Apartments take biggest price hit

By John Cousins


The values of Tauranga's land and apartments have taken the biggest hits over the past three years, according to the city-wide revaluation.

Apartments at Mount Maunganui suffered the biggest drop in value, falling by an average of 15 per cent, compared with 7 per cent for apartments in other parts of the city.

Leaky home fears have also impacted on values. Houses with monolithic claddings associated with weathertight issues sold for an average of 5 per cent less than other houses from the same era.

While residential and apartment land values dropped by an average of between 6 and 9 per cent, the improved value of properties _ the capital value _ saved the day for Tauranga's residential sector.

Capital values for city residential properties remained relatively flat over the past three years, reflecting the lingering impact of the recession on Tauranga's housing market.

Tauranga Mayor Stuart Crosby was upbeat about the revaluation, saying it painted a positive picture. The market had remained pretty stable during a global financial crisis.

Even areas where there had been drops in value were now starting to show signs of improvement.

The revaluation showed that the tough times caused by the credit crunch had hit the apartment sector hardest, even when the value of buildings was taken into account.
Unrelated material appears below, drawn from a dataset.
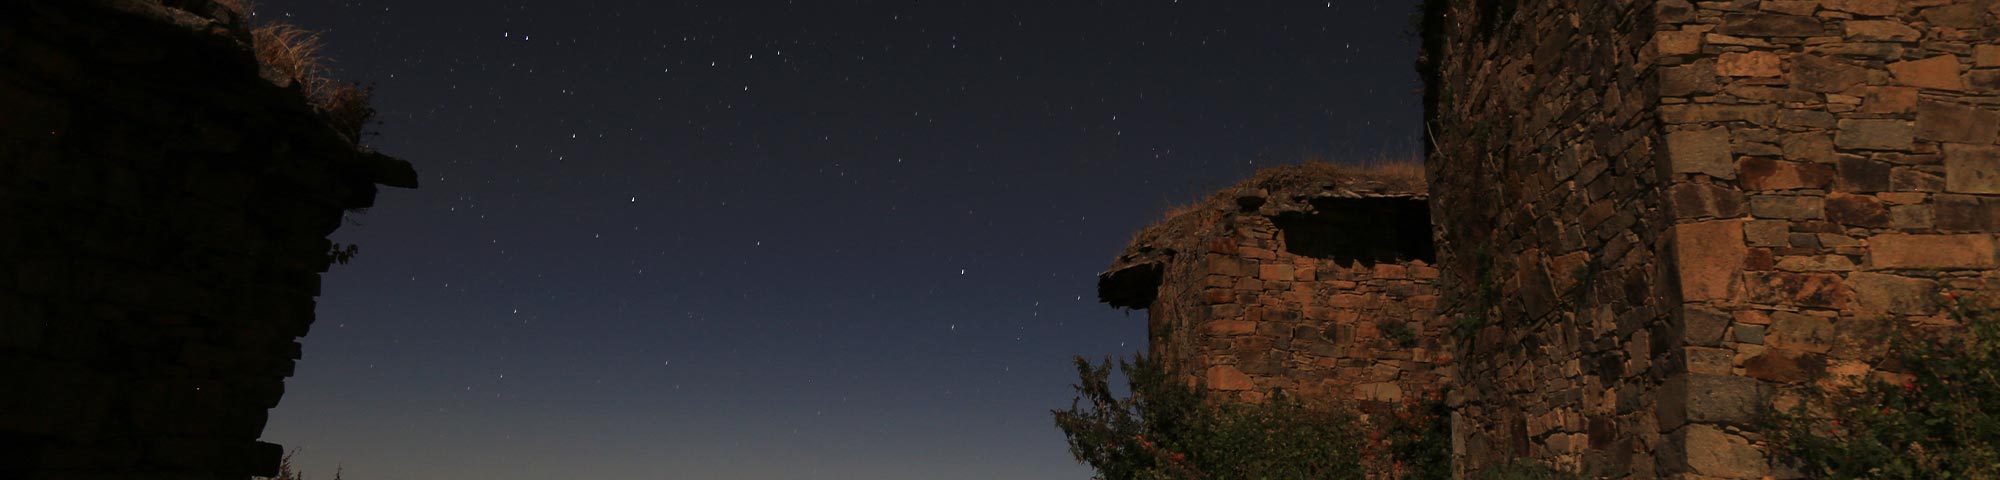 Huaral: Rúpac es elegido como uno de los 7 destinos para el turismo astronómico a nivel mundial

The capital value of apartments fell city wide by an average of 7 per cent, with drops of at least 15 per cent and 13 per cent at the Mount and Papamoa.

The 2008 global credit crisis burst Tauranga's property bubble. The city's 2009 revaluation wiped out gains made since 2006 and retreated a further 4 per cent. Little has changed since then, with average values for most of the city's 47,000 residential properties mostly retreating by a further 1 or 2 per cent.
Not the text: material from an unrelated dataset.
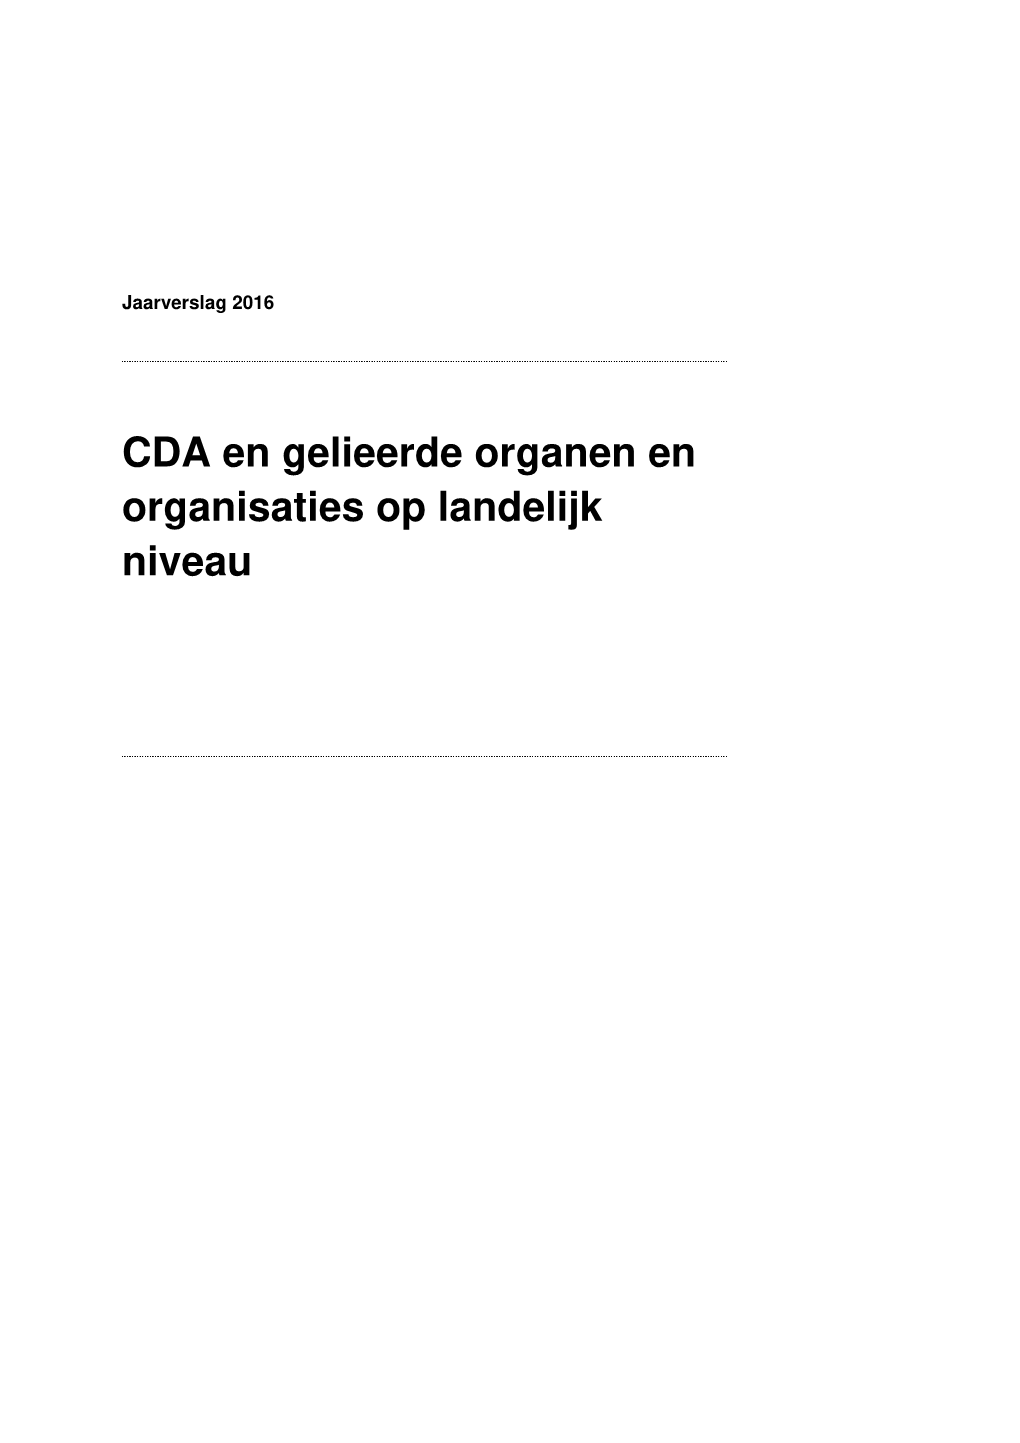 CDA En Gelieerde Organen En Organisaties Op Landelijk Niveau

The main exceptions to this trend, the suburbs of Bellevue, Maungatapu, and Welcome Bay, indicated how the busiest section of the market since 2009 has been lower-priced properties. Pyes Pa and Bethlehem held steady with no change in overall values, while the blue chip suburb of Matua bucked the trend for the upper end of the market and notched up a 2 per cent rise in values.

And properties where the land itself had a significant value, such as coastal properties, may see bigger drops in value than other residential properties.
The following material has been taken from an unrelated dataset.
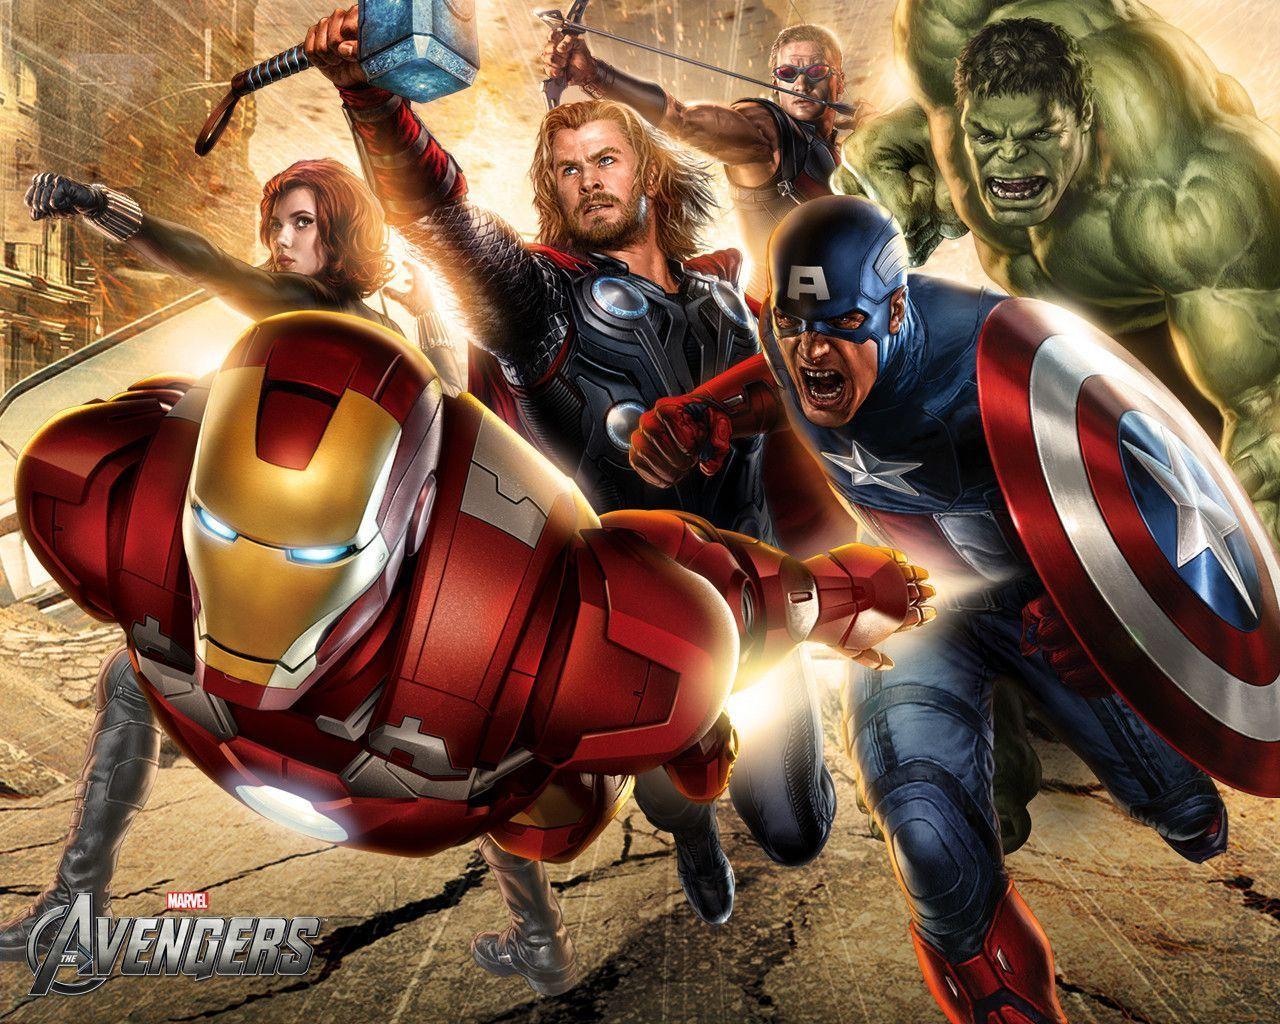 Marvel Avengers "R" Us

The council report said there had generally been small decreases in the value of industrial and commercial properties. However, it noted that ``a number of influences had created some bigger changes in some commercial and industrial properties''.

Residential properties at Greerton, Maungatapu/Welcome Bay and the Mount notched up the biggest range of changes in values, swinging from 10 per cent drops to 5 per cent increases.

Elsewhere, the changes were mostly within a range of 10 per cent, while changes in values for Matua and Tauriko stayed within tight bands of 5 per cent and 3 per cent respectively.

The new values will be used to calculate rates over the next three years. However, because the majority of valuations were relatively flat, the impact on how rates were distributed would be minimal.

The council's rates and land information team leader, Jim Taylor, said that when revaluations were relatively flat the percentage changes were set more by the budgets struck by the council.

If the values do not move much then how the rates were distributed would not change, so the main influence was how much the council increased its rate take.

The council's 10-year plan showed rates were forecast to rise by 2.2 per cent next year. New valuation notices will be sent out to ratepayers from November 14 and objections close on January 11. The revaluation was carried out by independent registered valuers LandMass Technology.